The ambitious scope of the book, however, leads to some shortcomings in terms of analytical and comparative rigour. First, the book makes a general argument about immigrant incorporation in each country at the risk of overlooking variations across migrant groups. Most importantly, guest workers and marriage migrants are treated very differently in host countries, as the latter usually become permanent residents or naturalized citizens. At the same time, in chapter 4, the focus group data covers a wide range of migrants in terms of nationality and visa status. A more limited empirical focus could improve comparative precision across host countries and migrant groups.
Second, the data on Taiwan is weaker than that provided for Japan and South Korea; the number of interviewees and focus group participants was much lower (96). As a result, the arguments about Taiwan’s immigrant incorporation are sometimes partial or reductive, overlooking policy transformation over time. For example, some interviewed activists or cited scholars refer to earlier discriminatory policies which have been abolished due to successful civil activism (197). It is true that Taiwan’s labour unions have shown little support for migrant workers, but non-government organizations working with marriage migrants have mushroomed in the last couple of decades; the number is no less significant than those found in Japan or South Korea considering Taiwan’s smaller population (77). Chapter 5 actually states that Taiwan’s migrant advocacy has concentrated on organizing and empowering marriage migrants rather than characterizing them as victims as in the case of South Korea (160). Southeast Asian spouses and their children (so-called “new second generation”) even occupy a symbolic central status in the 2016 New Southbound Policy, a development and geopolitical policy that celebrates Taiwan’s multicultural connections to balance out its trade and social ties with China. All of the above contradicts the gloomy conclusion in the book and indicates more complexities about the uneven incorporation of immigrant subgroups in Taiwan.

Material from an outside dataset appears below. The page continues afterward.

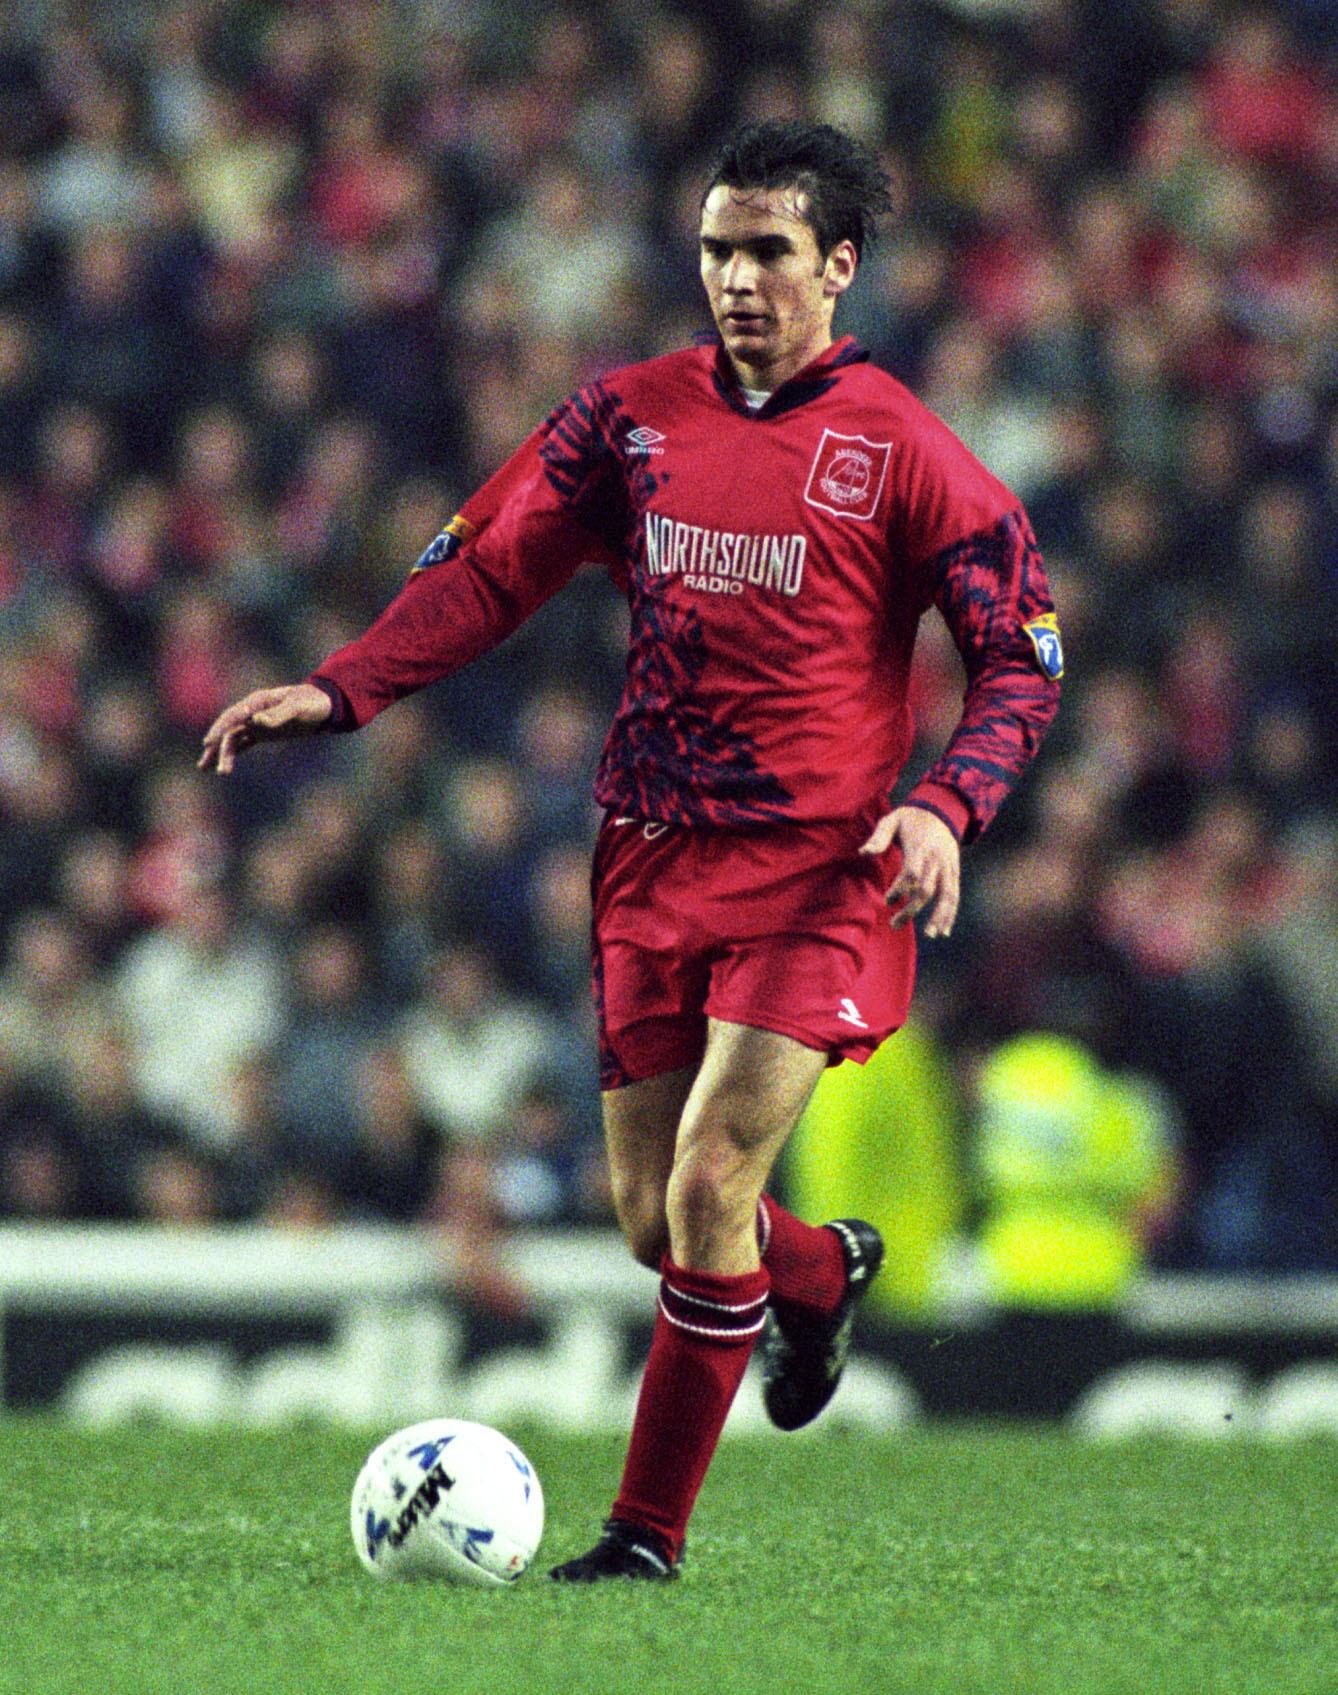 Former Aberdeen midfielder Stephen Glass

Finally, I find the portrait of immigrant incorporation in Japan brighter than what I have myself observed. Non-citizen permanent residents in Japan are entitled to civil rights and even local voting rights largely because of the unique existence of Zainichi Koreans, who were born in Japan and speak fluent Japanese. By contrast, Japan’s government continues to deny the existence of de facto labour migration and maintain the trainee program that is vulnerable to exploitation. I wonder to what extent local community organizations can incorporate marginal migrant groups and have a voice in the policy-making process. An in-depth analysis of Japan’s multiple tracks of labour migration, including students and trainees, is needed to complete the picture of immigrant incorporation.